Output the listing verbatim, leaving out every picture.
(Beginning of Data excerpt)
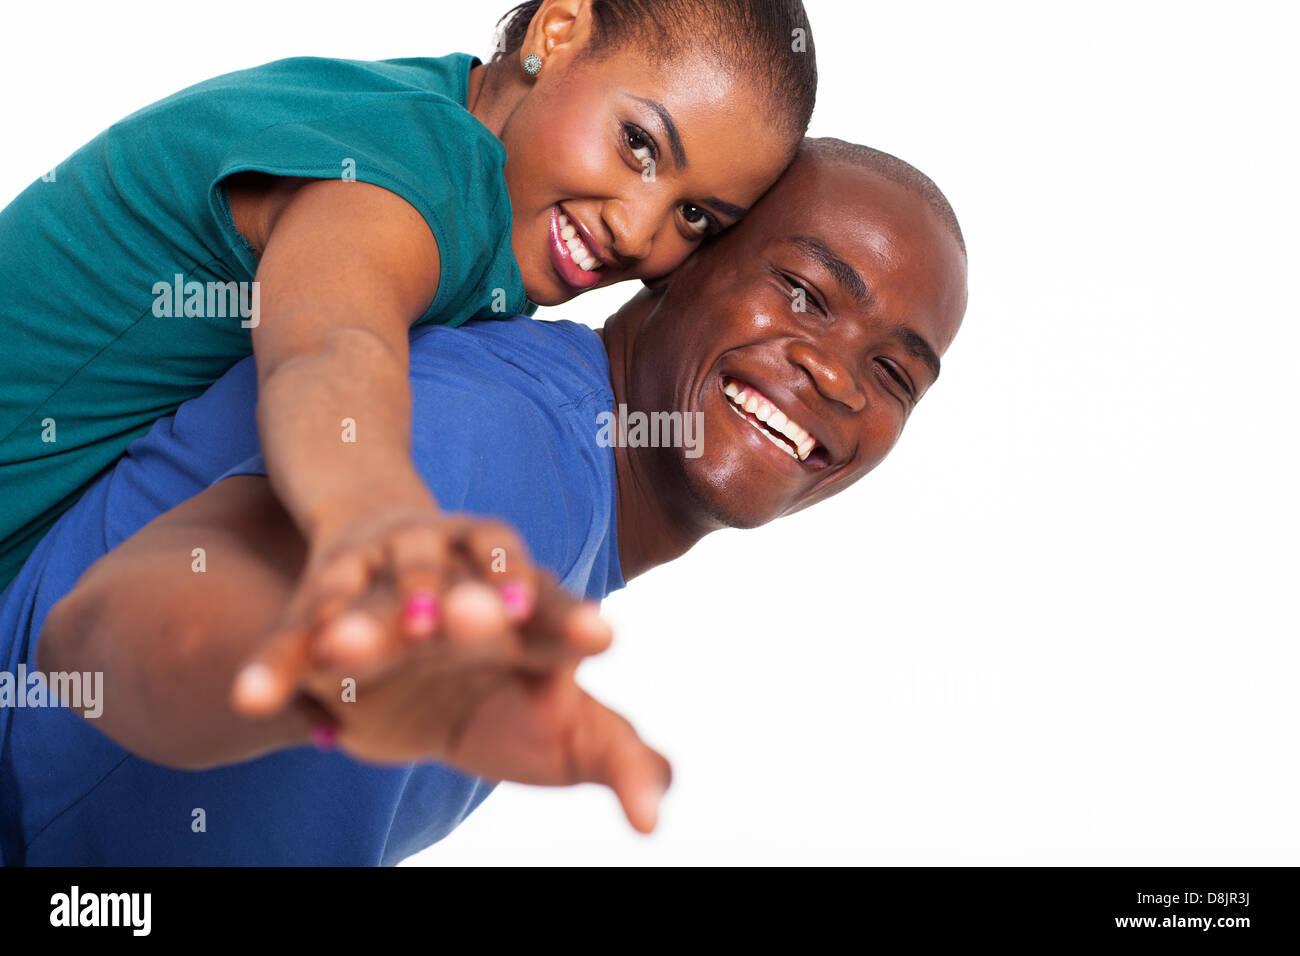 glückliche junge Afrikanerin genießen Huckepack nehmen Fahrt auf Freunde mit ihren ausgestreckten Händen Stockbild
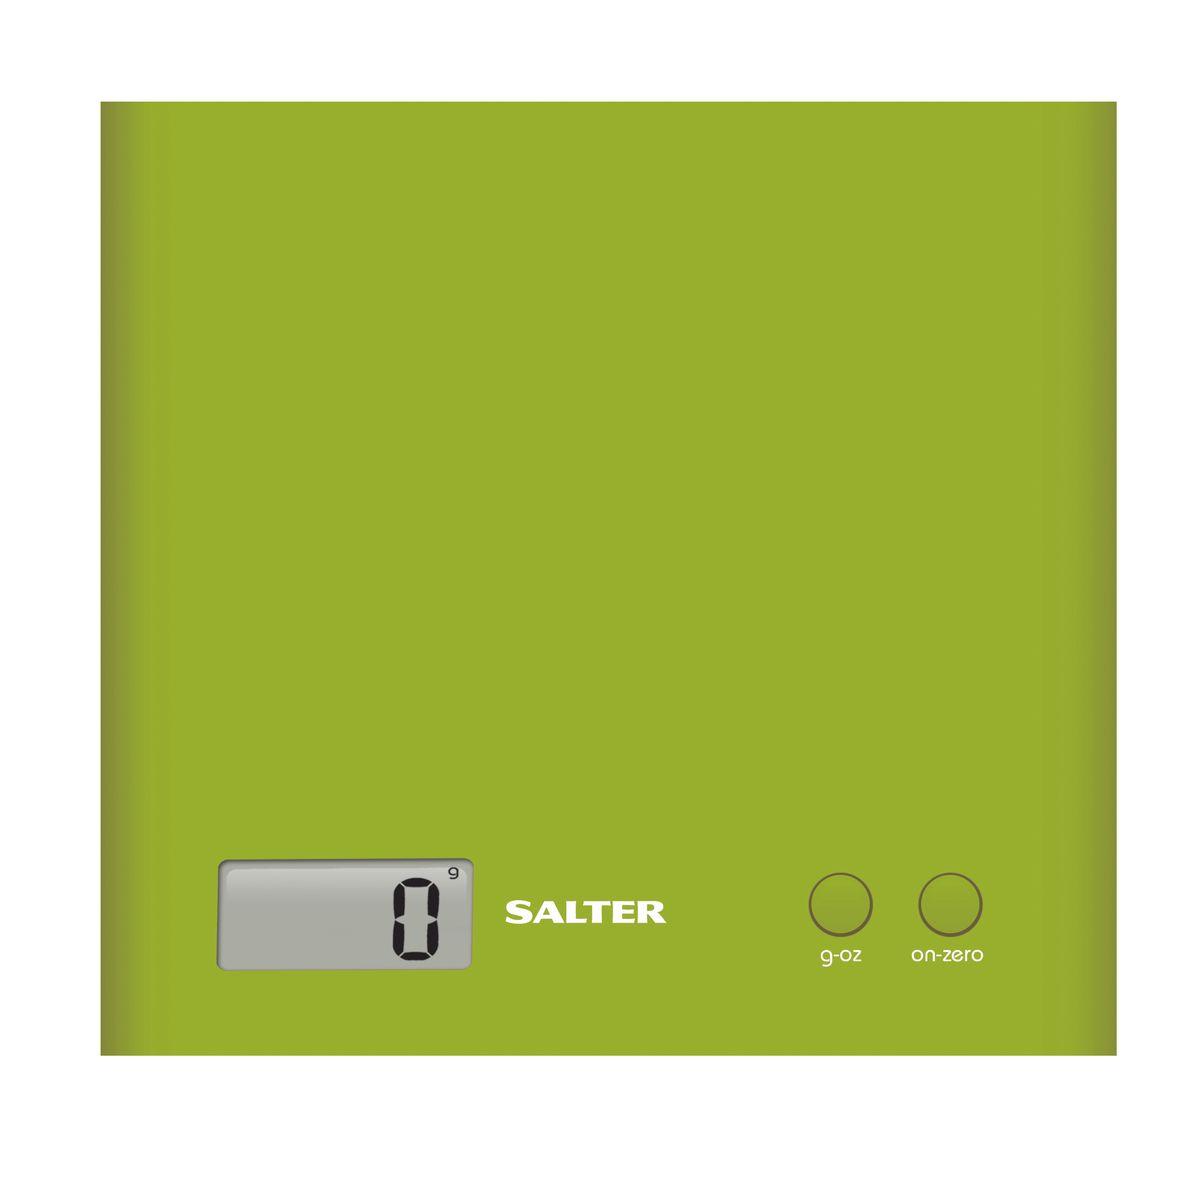 Salter 1066 GNDR кухонные весы1066 GNDRЭлектронные кухонные весы Salter 1066 GNDR.Функция - добавь и взвешивай - позволяет взвешивать различные ингредиенты в одной емкости. Режим переключения между метрической и имперской системой измерения. Компактный, тонкий и современный дизайн.
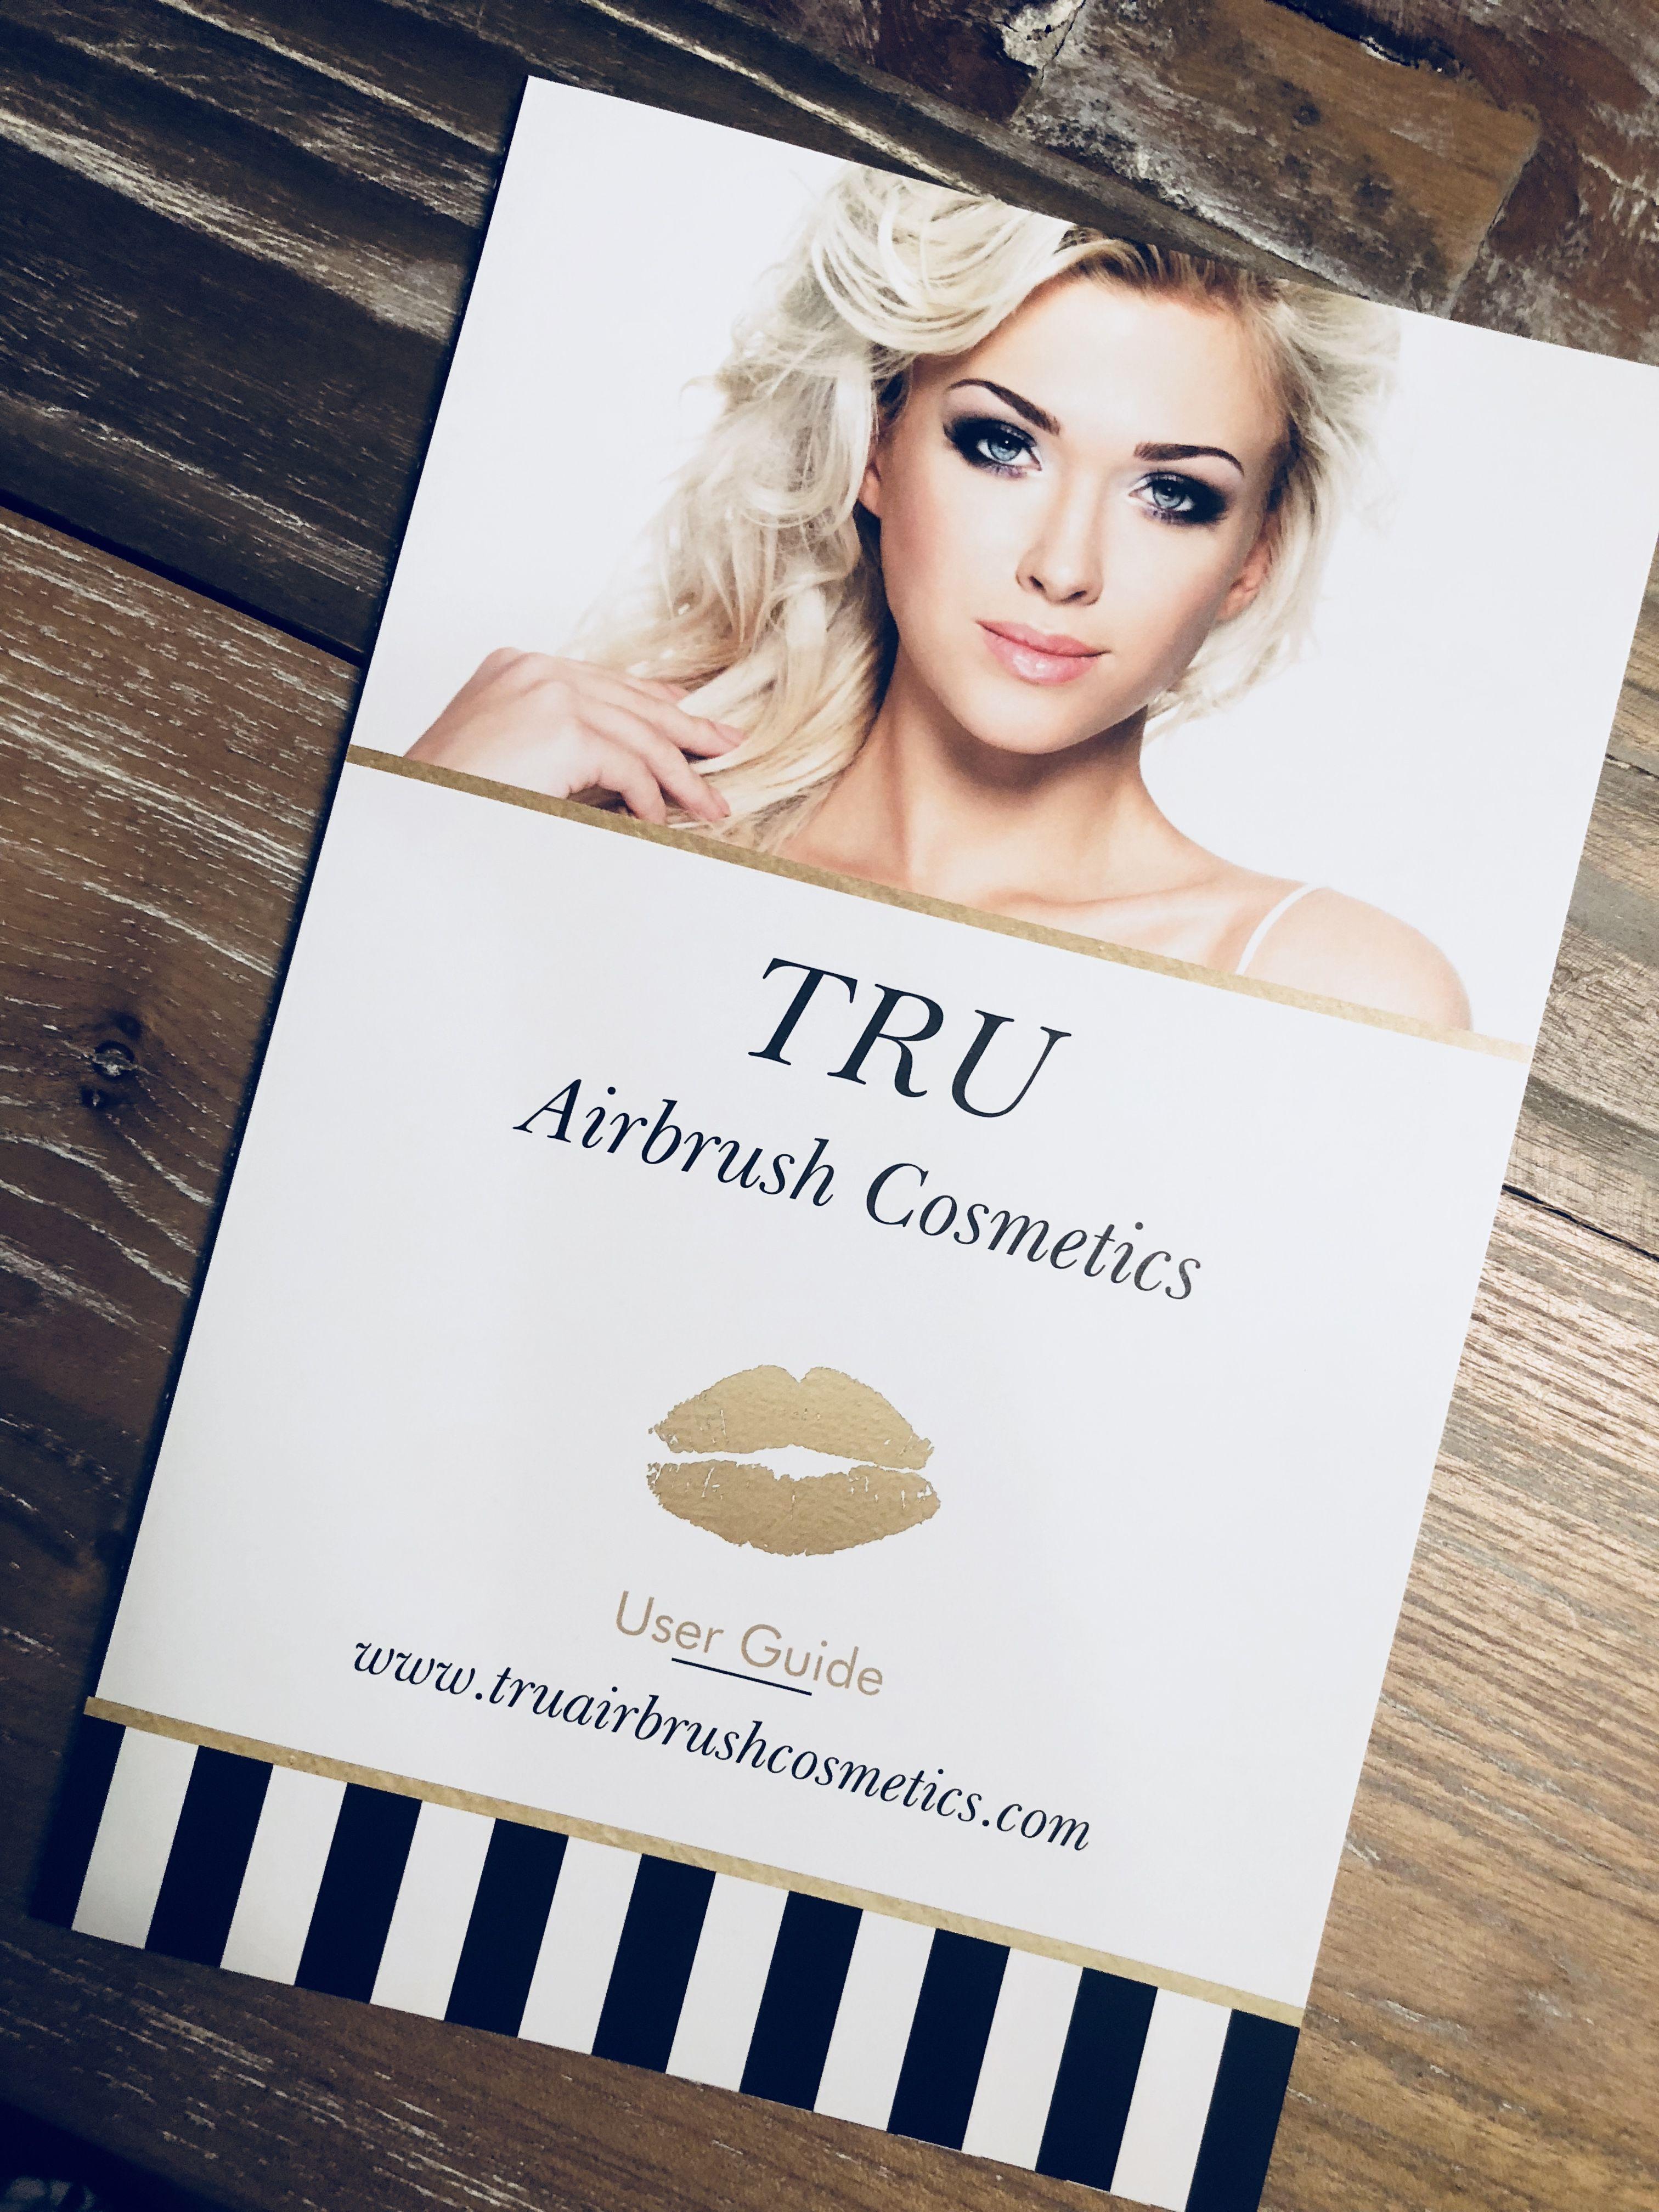 TRU Airbrush Cosmetics! Airbrush makeup, Airbrush
(End of Data excerpt)
### Exercise output
 glückliche junge Afrikanerin genießen Huckepack nehmen Fahrt auf Freunde mit ihren ausgestreckten Händen Stockbild
 Salter 1066 GNDR кухонные весы1066 GNDRЭлектронные кухонные весы Salter 1066 GNDR.Функция - добавь и взвешивай - позволяет взвешивать различные ингредиенты в одной емкости. Режим переключения между метрической и имперской системой измерения. Компактный, тонкий и современный дизайн.
 TRU Airbrush Cosmetics! Airbrush makeup, Airbrush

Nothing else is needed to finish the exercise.